The prop. Albion loads 100 tons of railroad iron for Cleveland.

The str. City of Belleville, lately overhauled here, made the run from Kingston to Prescott in six hours.

The str. D.C. West took an entire cargo of groceries down the canal for Messrs. Robertson & Son today.

Capt. Burrows, of the prop. Dromedary, yesterday noted a protest at Mr. Swifts and had today to extend it.

The schr. Pinafore takes a cargo of hay from Wolfe Island to Oswego at $1.50 per ton. Hay is now worth $8 per ton here.

Capt. Dougherty, of the schr. Paragon, who mysteriously disappeared from Chicago some time ago, has turned up in San Francisco. He was a resident of Deseronto. It is thought that he went to Frisco for the benefit of his health.

The new dry dock of Mr. R. Davis is not as great a success as it was anticipated to be. Two unsuccessful attempts were made to raise the steamer Maud by it. Today an attempt is being made to raise a wood scow. The pump, it is thought, is not of sufficient strength.

The str. City of Owen Sound ran on a rock, some 10 miles off Gore Bay, on Saturday the 16th. She had 30,000 bushels of wheat on board, and was going at full speed when the accident occurred. Owing to the rudder of the City refusing to act the Manitoulin had to tow her into Gore Bay. The sea ran very high and the wind blowing a gale at the time, and it was generally conceded that the City got off not one moment too soon.

Welland Canal - Bound Down.

Prince Alfred, Toledo, Kingston, coal.

New Steam Yacht - built at Brockville for Mr. Magee of Merrickville.

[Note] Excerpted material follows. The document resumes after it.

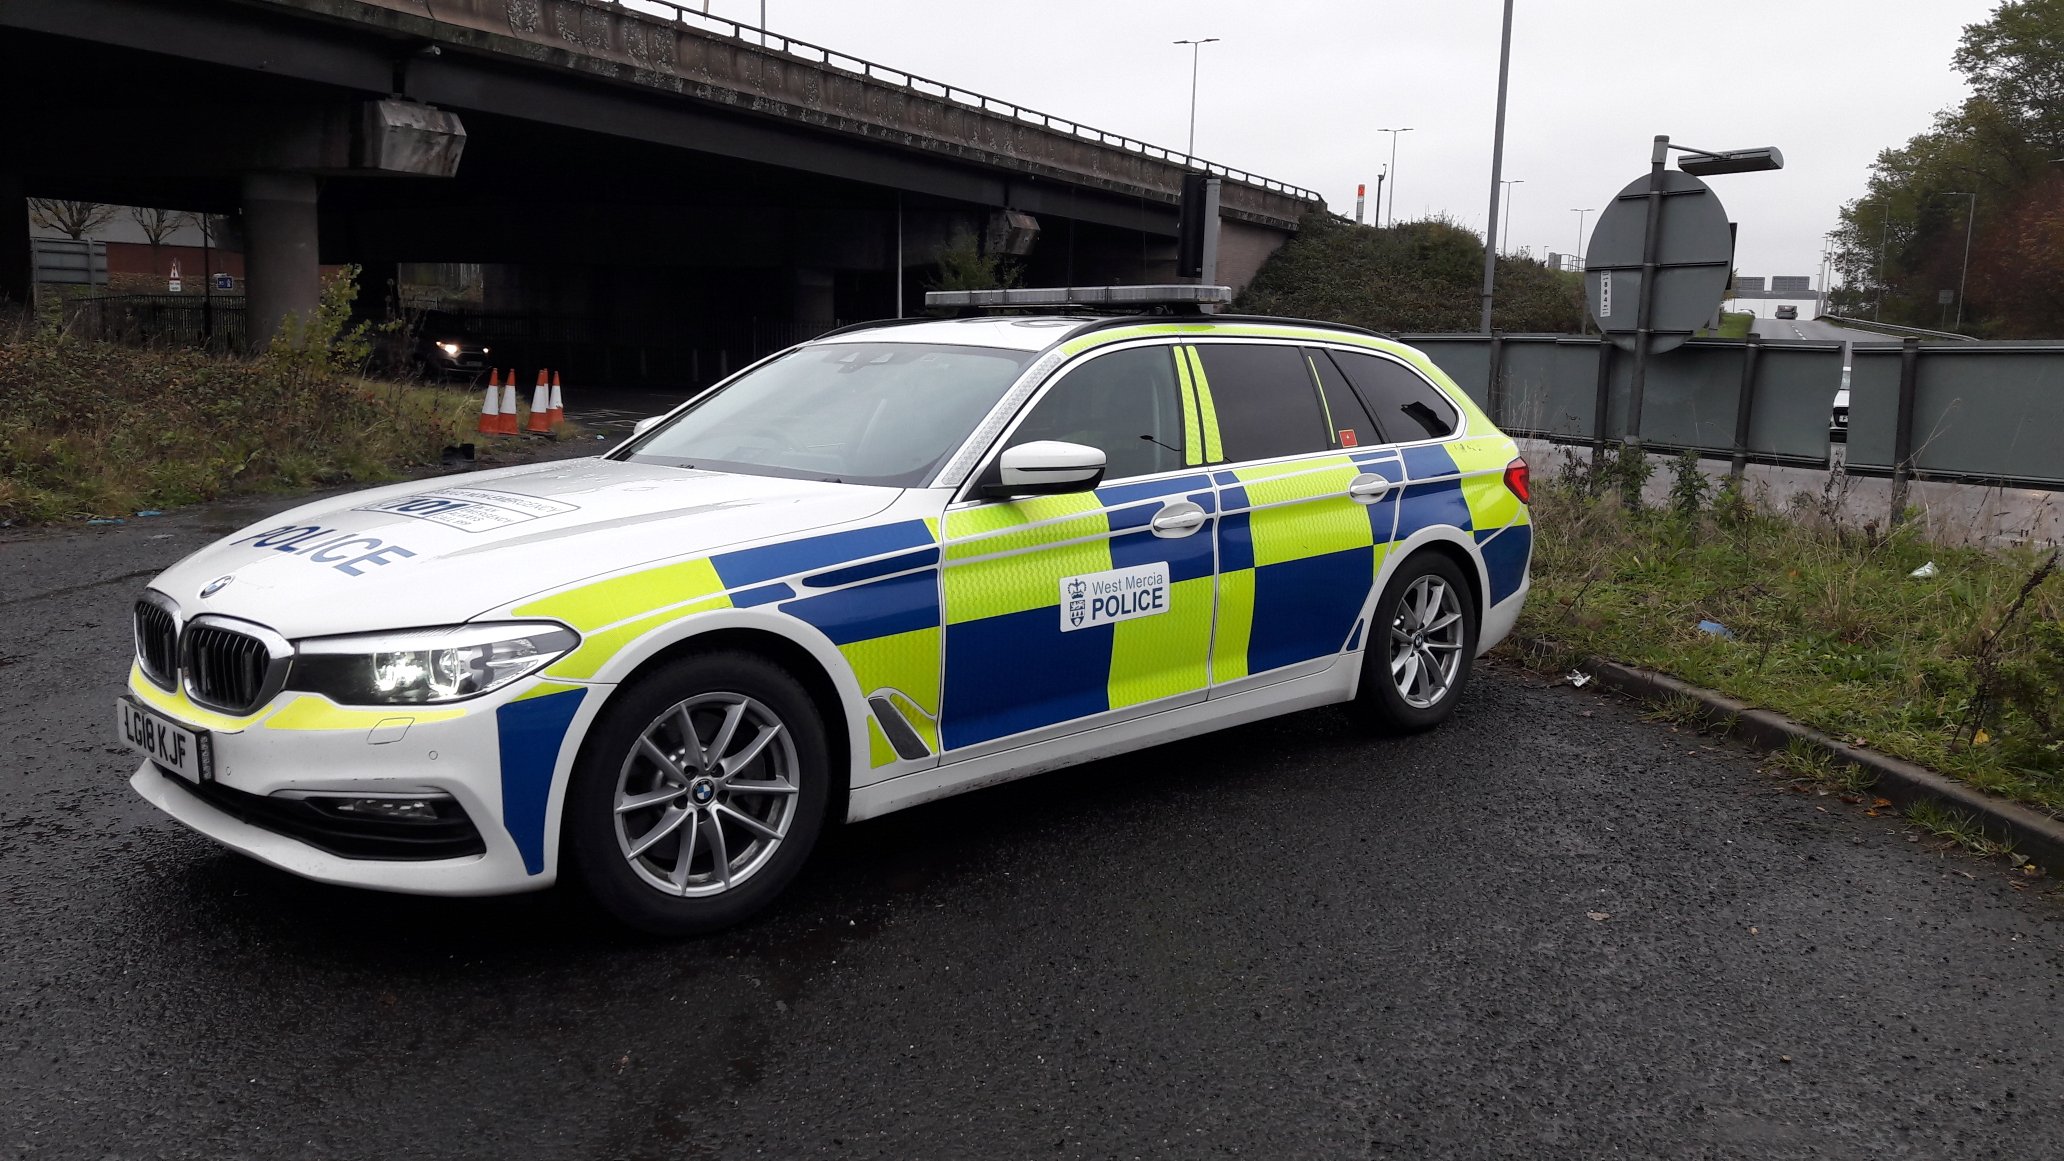 NEWS | Driver arrested for attempting to drive the wrong way down the M5 on New Year’s Eve

An Old Arm Chair - Mr. Wm. Nickle, of this city, has in his possession an old arm chair made from the stern post of the old war vessel St. Lawrence now much delapidated and slowly rotting away in the lake off McMillan's malt house. The timber was cut by Philo Bennett, of Wolfe Island, who sold it about fifty years ago to the Government at $4 per foot. The chair has been secured for grand occasions at Queen's University, being last used by Princess Louise on the occasion of the laying of the corner stone in 1879. When Lady Dufferin was taken by the steamer Maud from Sir Richard Cartwright's residence to Prescott she sat in this remarkable chair. The owner prizes it highly.

Oswego Harbor Again - We endorse the Mail's statement when it says that the complaints that were made wholesale against Oswego "harbor" are unfortunately proving to be well founded. So far the losses fall altogether on the Canadians, and it does seem as though the present breakwater and piers were constructed according to the plans furnished by the tug owners of that port. That the present work is a failure, and one of the worst kind, is apparent to any unprejudiced person. The very fact that the lights were changed, after it was pointed out they were wrongly placed, shows that the original designs were not infallible, and if their designs were wrong in one instance, why not in the other?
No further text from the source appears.